Hartley was 2 years and 9 months old. I got him from my local shelter at 1 year old where he'd been surrendered in a filthy aquarium...alone. I adopted he and his shelter-introduced brother and Hartley was a wild one at first, but settled with age. However, he definitely defied the rat gender stereotype of lazy male. 

Though he was quiet, and enjoyed his alone time, I called him my social guy. Whenever someone wanted to meet the rats, he was the one I showed. He was the gentlest of souls who gave the best kisses. Never licks, just brief brushes from his fuzzy nose. I remember them now and that's what I think I'll miss most. His velvety kisses.

Your long battle has ended my handsome man, and you can rest easy now. Your brothers and sister miss you dearly. As do I.

"I have sent you on a journey to a land free from pain. Not because I did not love you, but because I loved you too much to ask you to stay."


----------



## Rat Daddy (Sep 25, 2011)

I'm sorry for your loss. Some of the best rats ever are waiting for Hartley on the other side of the rainbow bridge to keep him company and happy until they are all reunited with their special human friends.

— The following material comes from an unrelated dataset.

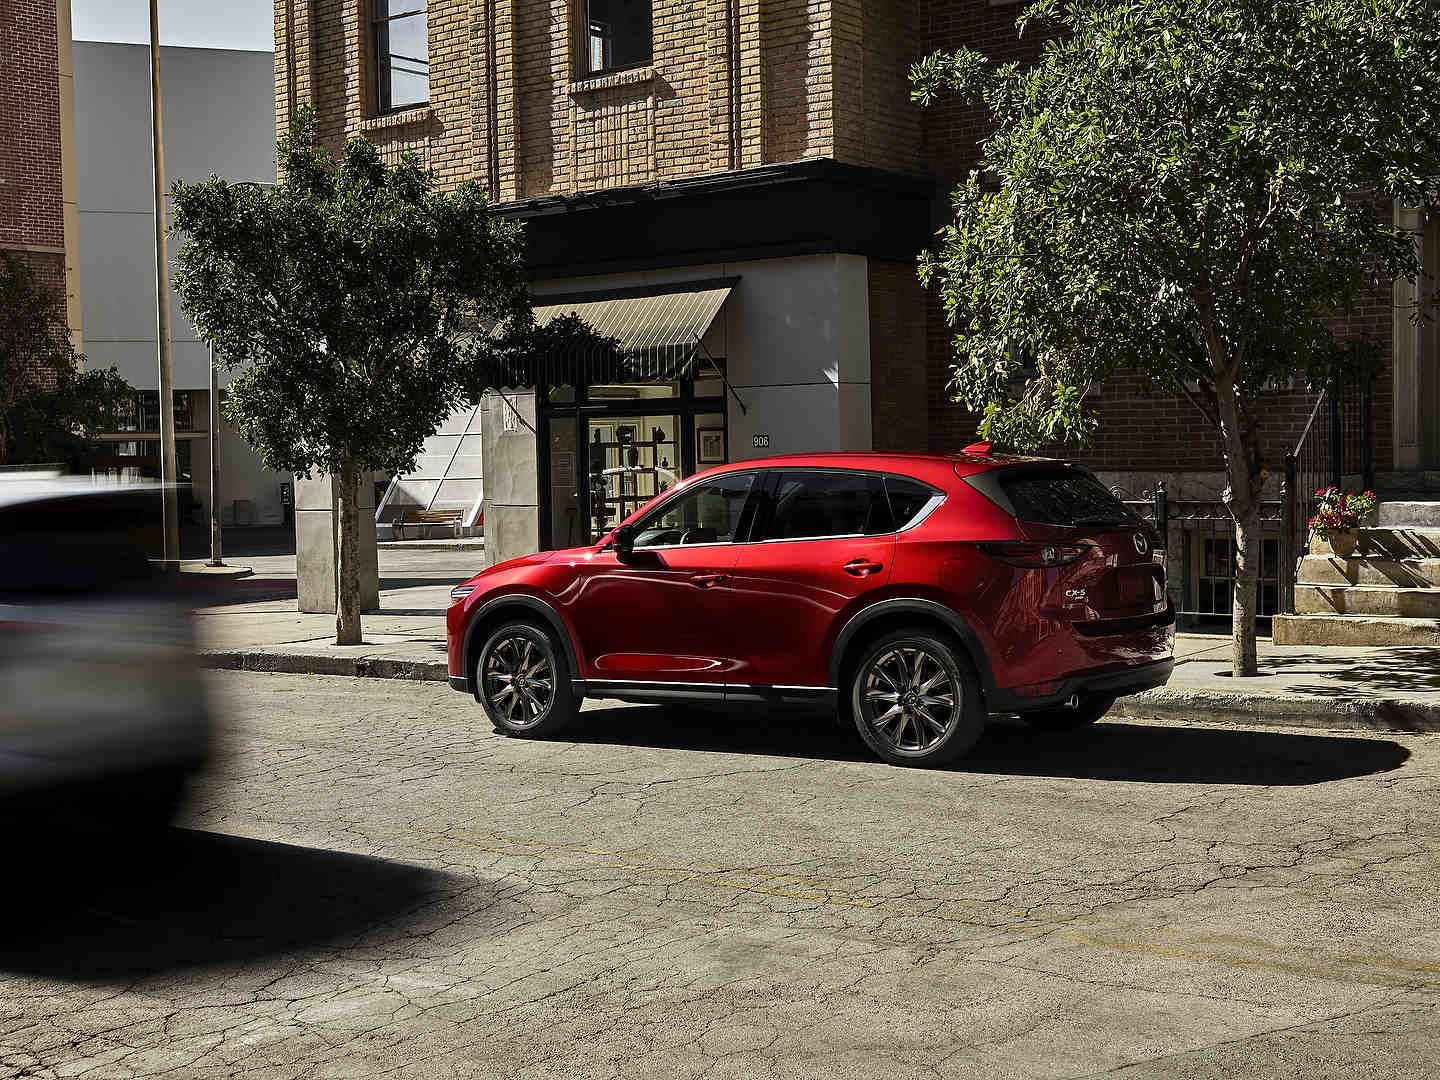 2021 Mazda CX-5 vs. 2021 Subaru Forester: The CX-5 Gives the Best of Both Worlds

Life is short, but love is eternal.


----------



## Rattielover965 (Apr 26, 2016)

I'm sorry for your loss


----------



## Bumble-Bee (Apr 21, 2016)

I'm so sorry for your loss. It sounds like he had a wonderful life with you.


----------



## JAnimal (Jul 23, 2014)

I'm so sorry for what you are going through.


----------



## mis.kay (May 29, 2015)

Thank you all.


----------